I recently bought the Mercier Kilo WT5 (5 is for internal 5 speed hub) from BikesDirect. I'm very happy with it. As noted by John W., assembly was minimal. My only complaint (and I knew this going in) is the size of the cranks. I don't get why such short cranks (165) are put on a larger (59cm) frame.

The worst thing was the condition of the box it came in. It had been horribly ripped and patched up with tape. I can't believe that BikesDirect would ship it like that, so the damage must have been done by UPS. But the bike itself was ok.
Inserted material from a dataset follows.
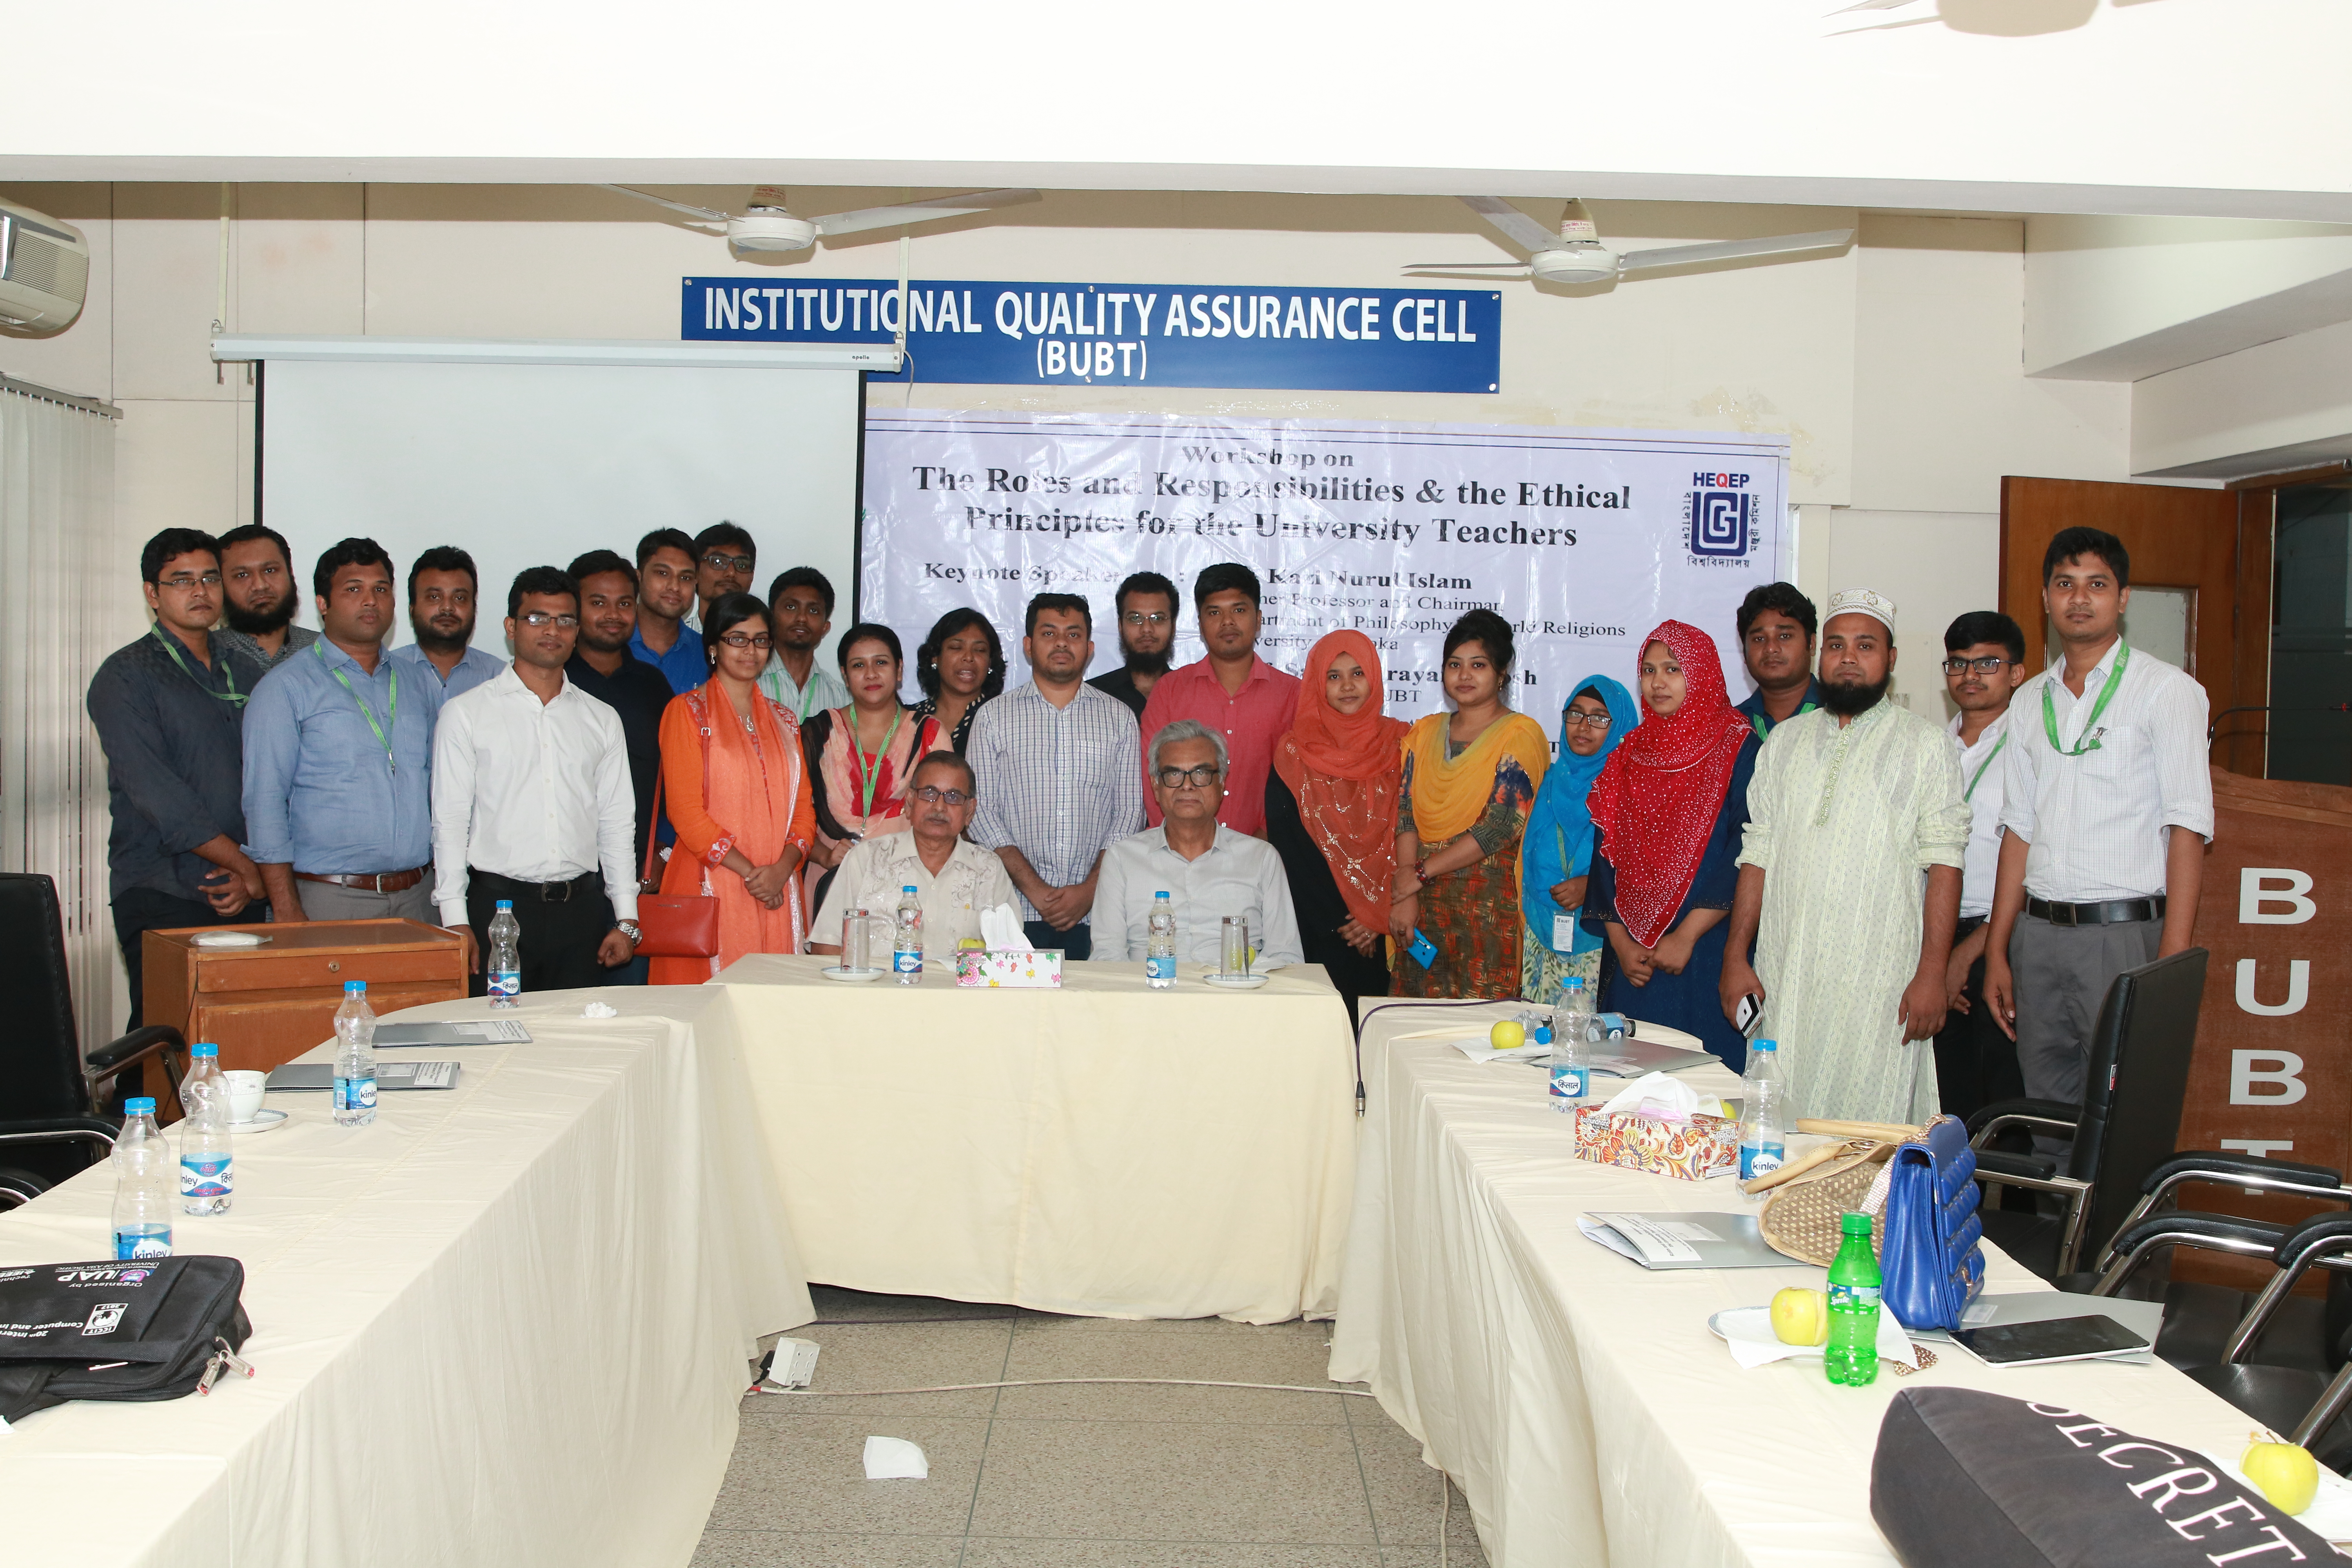 Workshop on the Roles and Responsibilities & the Ethical Principles for the University Teachers

Bikes Direct has some killer deals that very few bike shops can match in pricing. 

 

That being said there are quite a few things that can be wrong even with new bikes. Typically on a new bike: brakes/shifting need adjustments, wheels need true, and nuts and bolts need to get tightened down.

 

If you know how to go over a bike and have the tools needed, then you already know what you are getting into and know what to expect. 

 

If you have never gone over a bike from front to back I would recommend that you take a bike into your local shop and have them build it up for you. You might get some looks from the sales floor but most will be happy to set it up for you. Expect to pay around $50-100.(I just moved to chicago so I'm not sure what local shops charge)  As someone that has spent some time working at bike shops, I have seen some really unsafe bikes come out of a box. All bikes out of the box need work, even if you are paying thousands of dollars. You can also expect with any new bike you are going to need another tune up within ~1 month. 

 

Good luck on the 29er as it was said before they are a ton of fun. 

 

 

I also have a Mericer Kilo TT Pro in my stable and once owned a Motobecane Fantom Cross Uno (single speed cyclocross that was stolen).  I have been pleased with my purchases and got great bang for the buck.

 

 I have also done upgrades on the Kilo TT (tires after I beat the crap out of the stock Kenda Kevlars, saddle, bars) but it is a solid bike for 399 out the door.  If you have a basic knowledge of assembly and a tool set you can put it together in about 30 minutes or so.

 

 I don't know if I would buy a high end bike on the web, because I want to have a LBS to go to for work, questions, and to support the shops.  But don't be afraid of Bikes Direct.

 

LarryN, what do you think of the Kilo WT5?  I almost bought one of those a year ago, but I wasn't sure about the geometry.  Does it have a short wheelbase like the Kilo TT Pro?